As Christians, we can get very hung up on activities; on doing stuff. There are literally hundreds of plans for world evangelisation and strategies to reach all of the nations for Christ. Don’t get me wrong, I’m not saying that doing stuff and making plans is wrong, but the way in which we do things can often be far more important than the actual thing we do. You can sweep a floor to the glory of God and you can preach a sermon to your own glorification: it all depends on your attitude.

This is why I believe that John 20:21 needs to be taken as the key text for mission at our point in history: ‘As the Father has sent me, so I am sending you.’ (NLT)

This verse doesn’t tell us what Jesus is sending us to do... but it does tell us how he is sending us. He is sending us in the same way that the Father sent him.

... I’d like to highlight three (related) ways in which the Father sent Jesus and in which Jesus sends us.


The Son of God, who was intimately involved in every aspect of creation, came to earth as a baby and was laid in a manger. He lived the life of a wandering teacher without wealth or status and was eventually executed as a common criminal. He befriended outcasts and the marginalised and was routinely shunned by people in authority and influence. Even in his teaching he did not push his own agenda, but spoke the words given to him by his Father.

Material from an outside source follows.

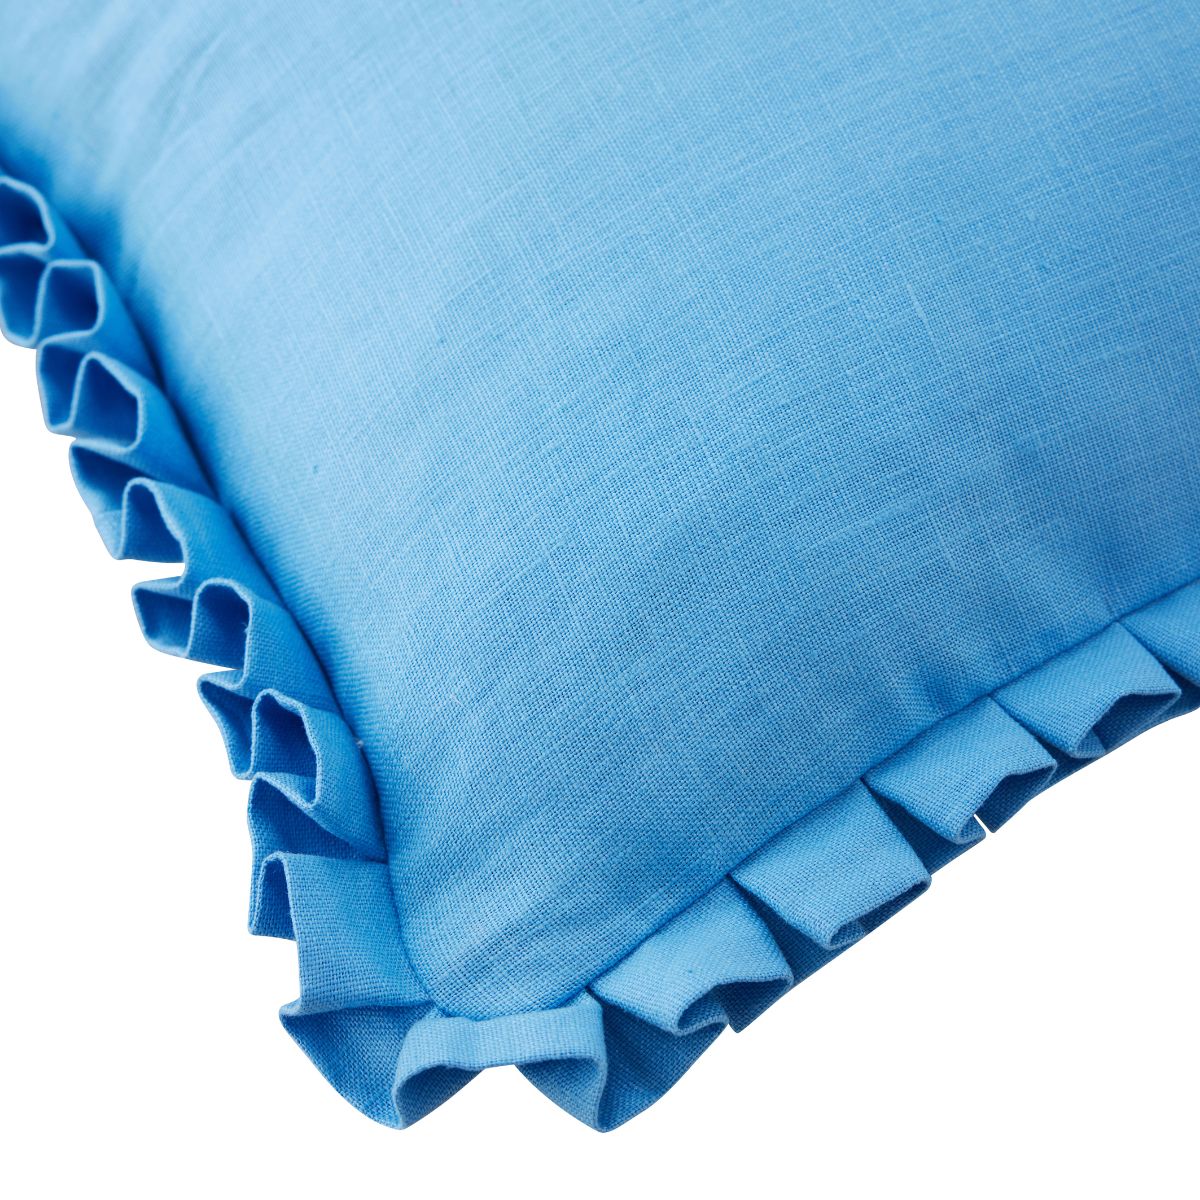 Beth Box Pleat Pillow in Cornflower - Caitlin Wilson Design

And this is how Jesus sends us out into the world: as humble servants, not as rulers and conquerors. We are not sent to build empires or to extend the reach of our denominations or our personal projects. We are sent to serve and to proclaim the Good News of Jesus. It is a sad fact that the message of Jesus has been distorted around the globe because missionaries have tended to come from the rich and powerful Western nations. This means that the message of the humble, suffering servant has come tied up with the trappings of economic and political power. We need to find ways to de-couple the gospel of Jesus from the cultural baggage that so often comes attached to it and we need to learn to be servants as Jesus was.


Jesus was sent to give himself for us. The whole of his life, culminating in his appalling death, was a demonstration of his love and sacrifice for us. He did not retain the comfort, the majesty, the position or ultimately the life which was rightly his: he gave them all up freely for us.

Mission is a call to sacrifice ourselves for Jesus. It involves giving up comfort, status, time, money – everything. Whether we are called as church-planting missionaries... or as school teachers... God calls us to lay our lives on the line for him. There are times of great joy as we follow God which make all the sacrifices worthwhile. But there are times when it is hard, tough and seems to lead nowhere – but our call is to stick with it and to continue to follow.


Jesus came in triumph, but it was a strange upside-down sort of triumph. His cry on the cross, ‘It is finished’ (John 19:30), had an element of triumph and victory – the sense of a difficult job accomplished against all the odds.

There is a triumph in mission too, but it isn’t found in the spectacular pronouncements of the TV preachers or the building of ecclesiastic or mission empires. Triumph in mission is seen in Henry Martyn burning out for God in Central Asia bringing the Scriptures to Muslim people. Christian triumph is seen in the quiet life of Liang, a Chinese believer who helped plant a church among the Li people on the Chinese island of Hunan, despite the fact that the Li had martyred her husband...

Jesus sends us out in the same way that he was sent out and victory is only won at a price.